* WHAT TO PRODUCE
Find "Whirlpool - 4.3" below and begin at its line; stop after the line with "A plate of fried". Output those lines exactly, without pictures.

[THE INPUT — start]

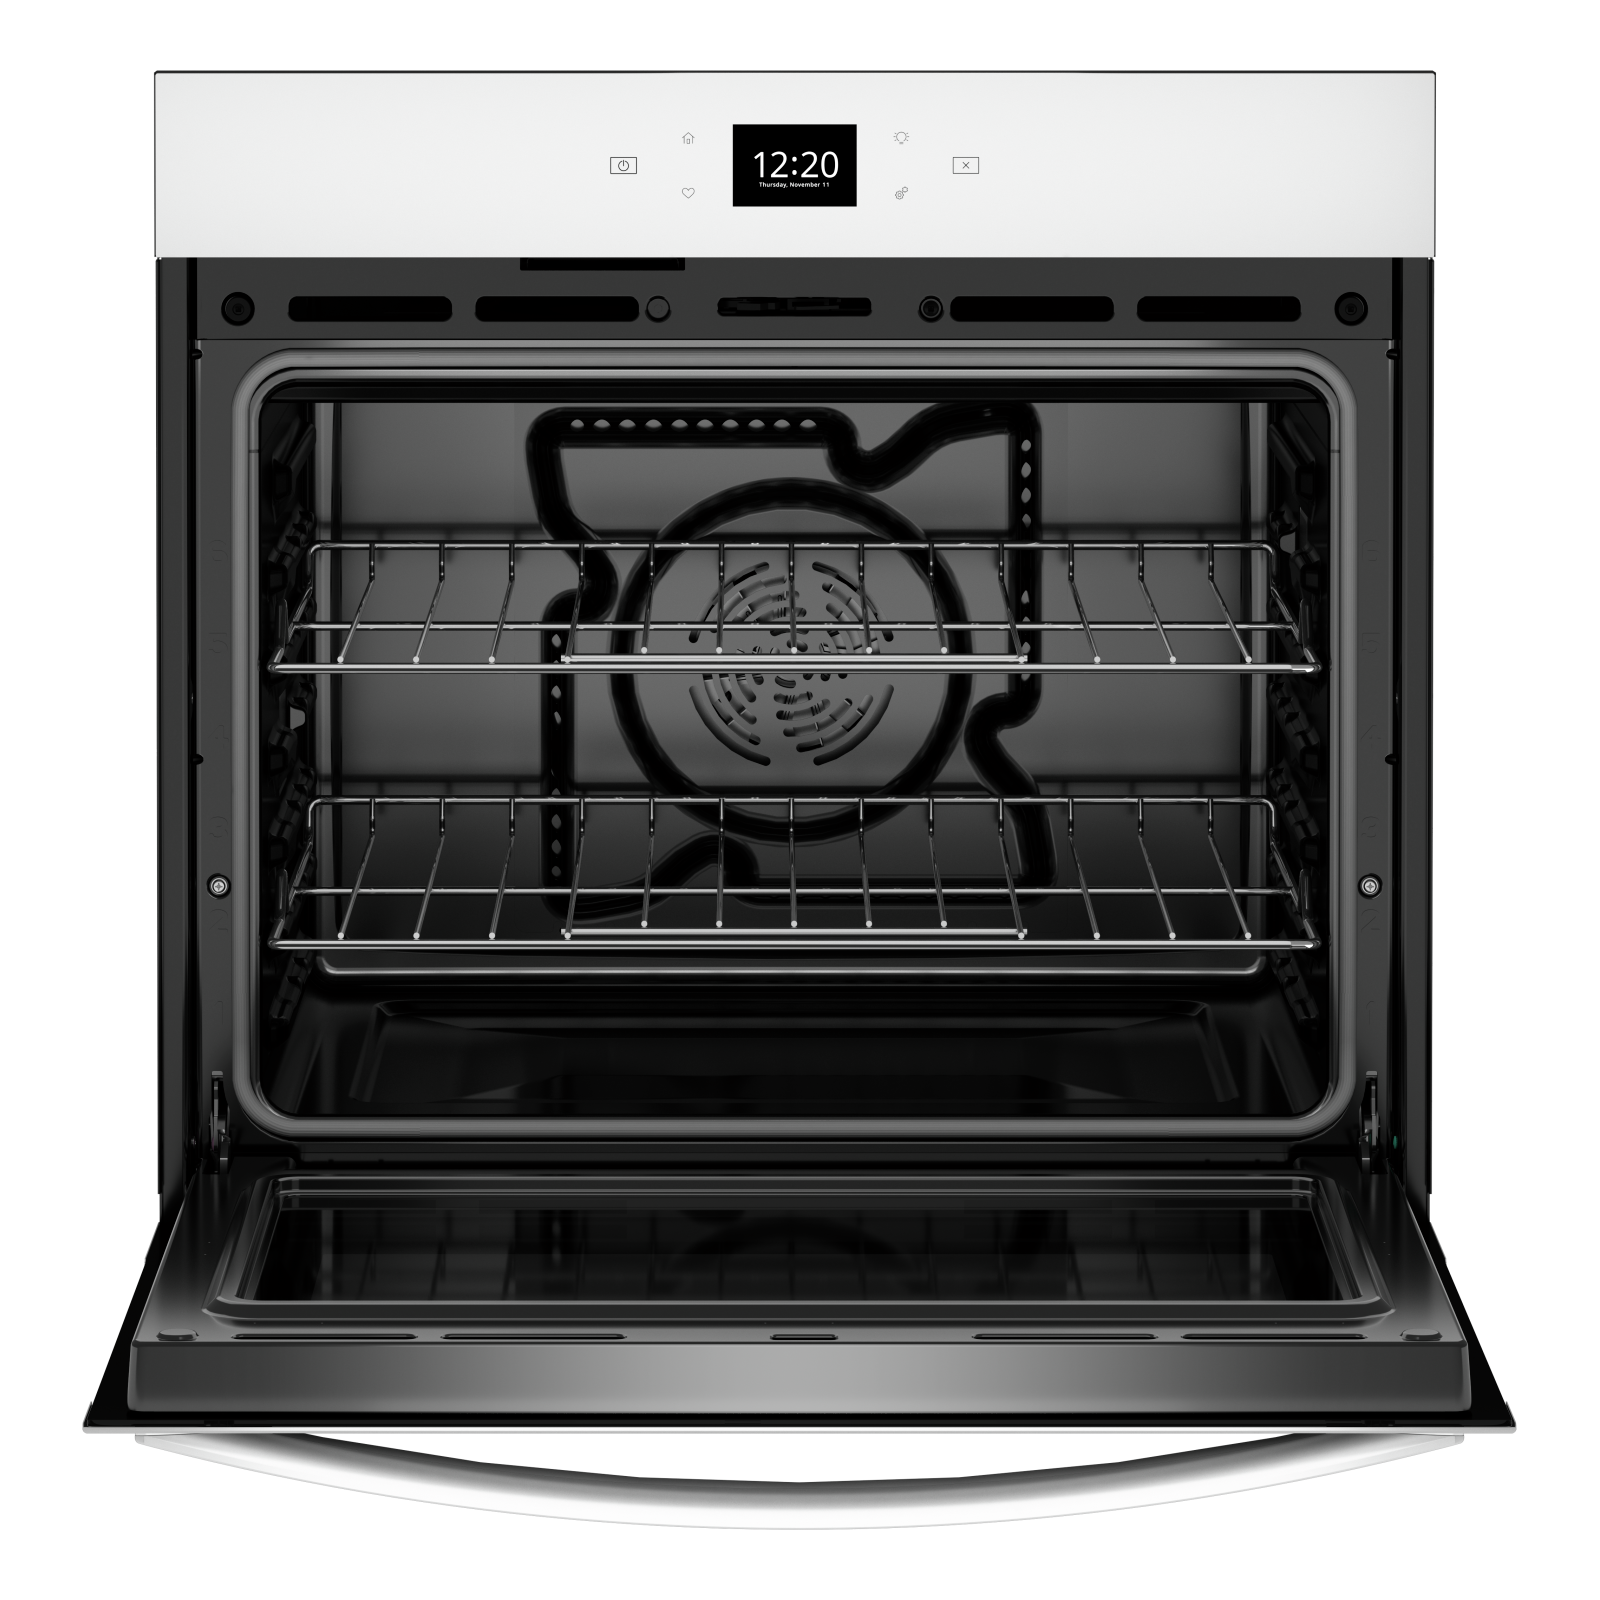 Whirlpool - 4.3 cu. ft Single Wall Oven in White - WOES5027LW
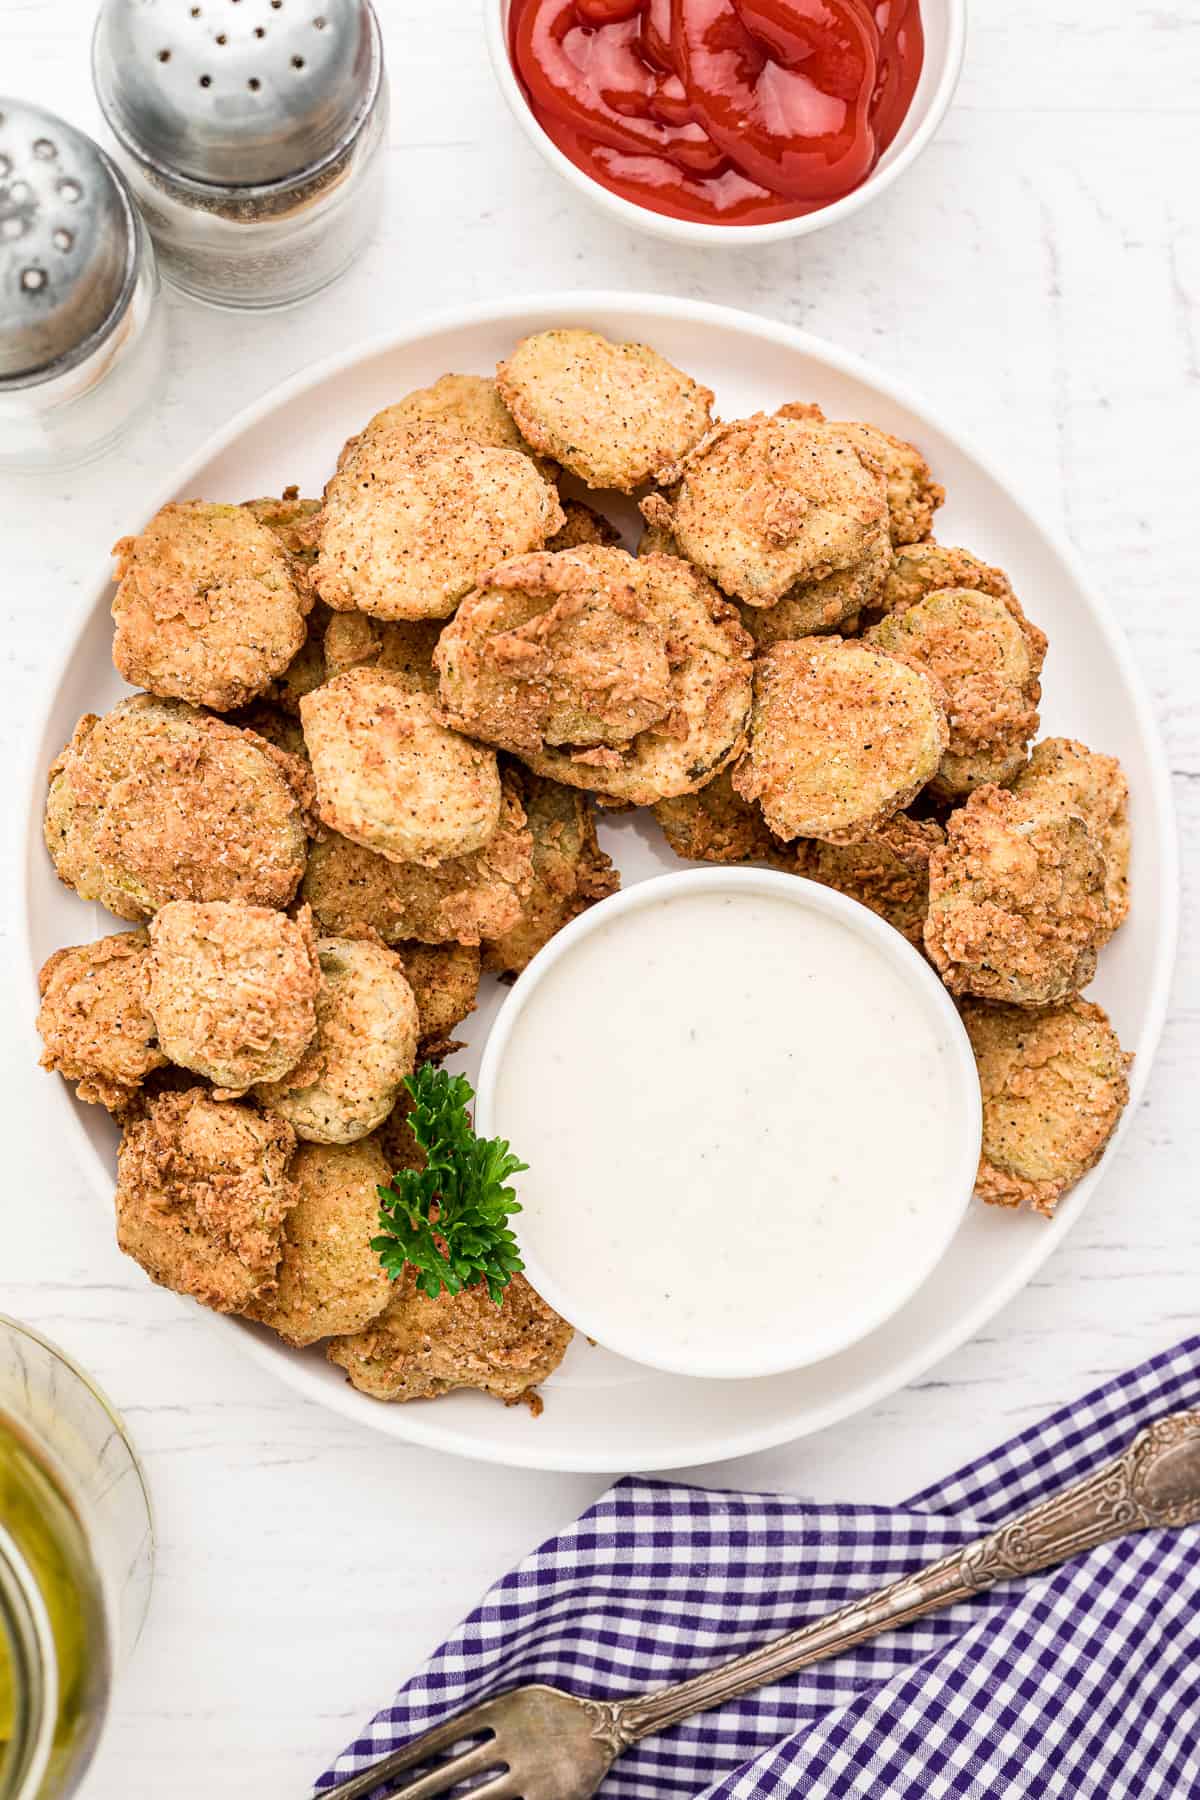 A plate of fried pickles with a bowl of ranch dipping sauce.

[THE INPUT — finish]
[THE INPUT — start]

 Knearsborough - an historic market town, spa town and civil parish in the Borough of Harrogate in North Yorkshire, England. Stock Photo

[THE INPUT — finish]

* WRITTEN ANSWER
 Whirlpool - 4.3 cu. ft Single Wall Oven in White - WOES5027LW
 A plate of fried pickles with a bowl of ranch dipping sauce.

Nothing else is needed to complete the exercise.